[New Module: tombfind.py] Add tombfind module for Tombstoned objects enumeration with username, GUID, and Parent OU extraction

[5epi0l]

Description

This pull request adds a new tombfind module to NetExec that allows operators to enumerate tombstoned (deleted but recoverable) Active Directory objects via LDAP.
It supports both NTLM and Kerberos authentication and works against any domain functional level that exposes the CN=Deleted Objects container.

This contribution does not introduce any breaking changes to existing NetExec functionality. Instead, it adds a dedicated LDAP module that expands the framework’s enumeration and recovery capabilities for domain controllers

The implementation relies solely on existing project dependencies, including Impacket, and does not introduce any new third-party libraries. The module includes clear in-line documentation, structured error handling, and follows the established NetExec module patterns.

Where Kerberos-related operations are required, the module leverages Impacket’s native cryptographic and ASN.1 classes, ensuring consistency with the rest of the codebase.

Type of change

Insert an "x" inside the brackets for relevant items (do not delete options)

• Bug fix (non-breaking change which fixes an issue)
• New feature (non-breaking change which adds functionality)
• Breaking change (fix or feature that would cause existing functionality to not work as expected)
• Deprecation of feature or functionality
• This change requires a documentation update
• This requires a third party update (such as Impacket, Dploot, lsassy, etc)

Setup guide for the review

• Environment:
  • Python 3.11 (recommended) on Linux or Windows.
  • Ensure impacket is installed and all NetExec dependencies are satisfied (poetry install).
• Pre-requisites:
  • You'd need Domain Admin credentials or, another account capable of reviewing TombStoned Users
• Testing Steps:
  • Run: netexec ldap <dc-ip> -u <username> -p <password> -M tombfind to enumerate all tombstoned users.
  • Optionally, run with -o OUTPUT=<filename> to write the output to a file
  • For ticket forging, validate that .ccache files are generated and can be used with export KRB5CCNAME=... and relevant Kerberos tooling.
• Bug/feature reproduction:
  • For testing, run the module in an environment containing atleast one tombstoned object.

Screenshots (if appropriate):

Pass The Hash

Kerberos and output to a file

Checklist:

Insert an "x" inside the brackets for completed and relevant items (do not delete options)

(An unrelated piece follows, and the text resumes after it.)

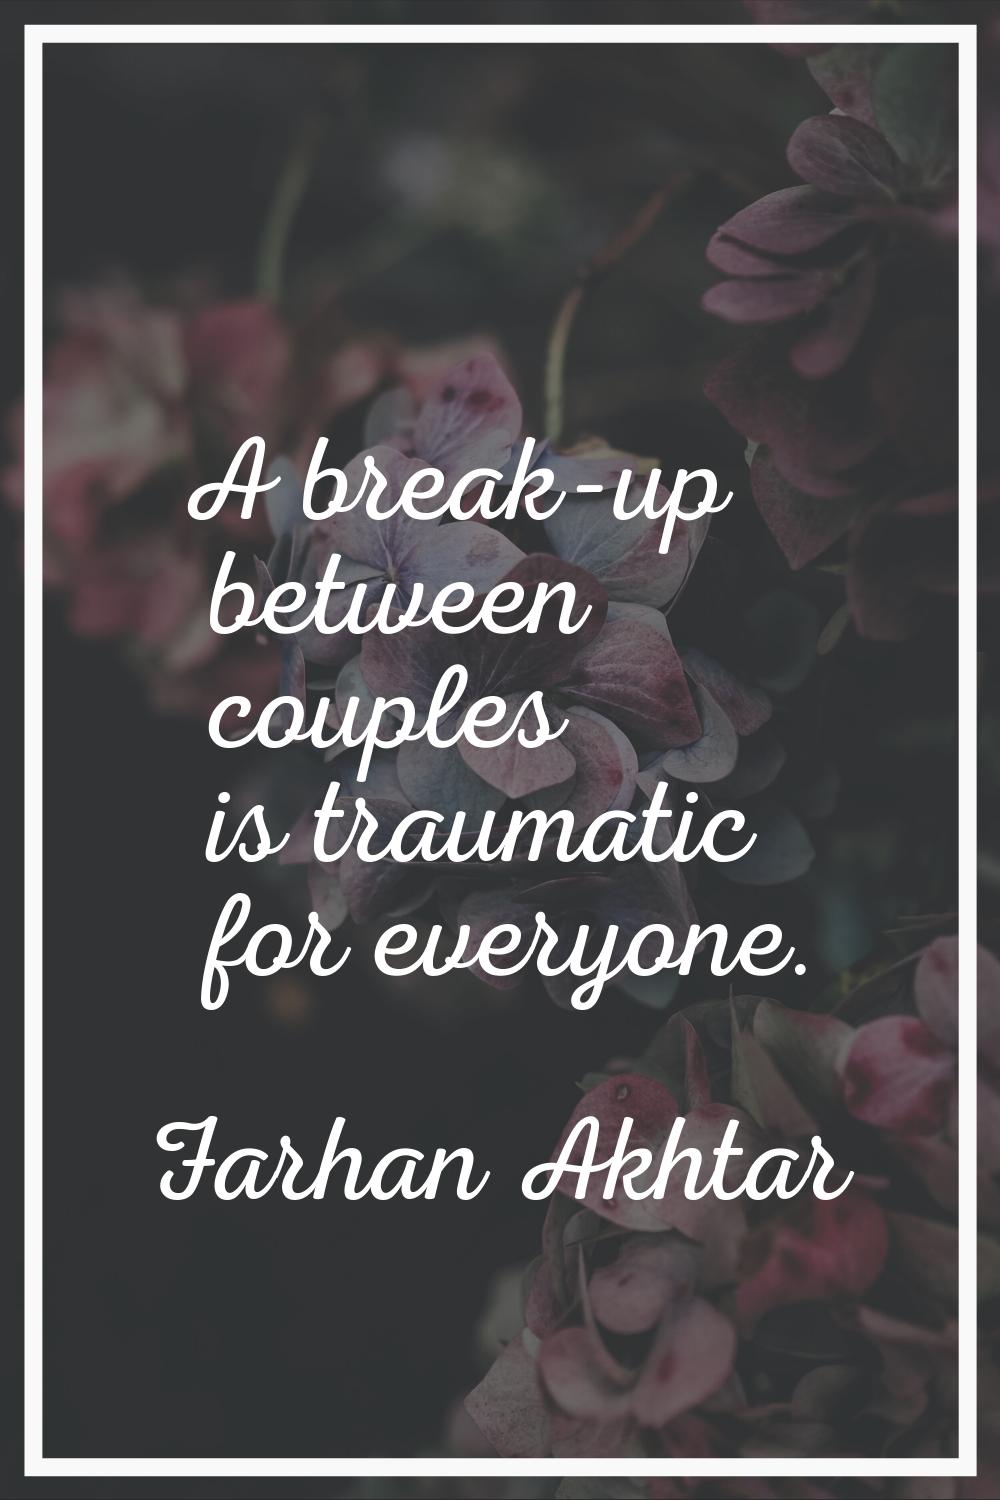 A break-up between couples is traumatic for everyone.

• I have ran Ruff against my changes (via poetry: poetry run python -m ruff check . --preview, use --fix to automatically fix what it can)
• I have added or updated the tests/e2e_commands.txt file if necessary (new modules or features are required to be added to the e2e tests)
• New and existing e2e tests pass locally with my changes
• If reliant on changes of third party dependencies, such as Impacket, dploot, lsassy, etc, I have linked the relevant PRs in those projects
• I have performed a self-review of my own code
• I have commented my code, particularly in hard-to-understand areas
• I have made corresponding changes to the documentation (PR here: https://github.com/Pennyw0rth/NetExec-Wiki)

[NeffIsBack]

Hi and thanks for your work!

However, i fear this is duplicate to #736. You could check if the implementation matches your idea and give input if you find issues/features are missing which you have implemented.

[5epi0l]

Hi, thanks again for the review.

I compared my implementation with PR #736 as suggested. Functionality-wise they overlap, and the PR #736 extends on it by adding the capability to restore objects, but there are still a couple meaningful differences:
• My module formats the output in a cleaner and more readable way, which makes it easier to use during engagements.
• My module also provides LDAP page size control, which can be useful in larger environments or when dealing with many deleted objects.
• If useful, I’d be happy to adapt my “finding” logic and formatting improvements into the existing PR, or collaborate so the maintainers can take the best parts of both.

If the team prefers using #736 as the base, no problem — just let me know if my output formatting, page size control, or code structure would be beneficial, and I can help merge it in.

Thanks for the time and the feedback.

[NeffIsBack]

As #736 is the first PR i think we should go forward with this one, but please feel free to discuss/collaborate with the author to implement changes you feel are superior in your implementation. I haven't looked at the structure that much, so i can't say which approach i like better.
Regarding the page size control, either way LDAP queries should use the search() function of the NetExec LDAP connection object which wraps the impacket search function and adds logic for size control, errors etc.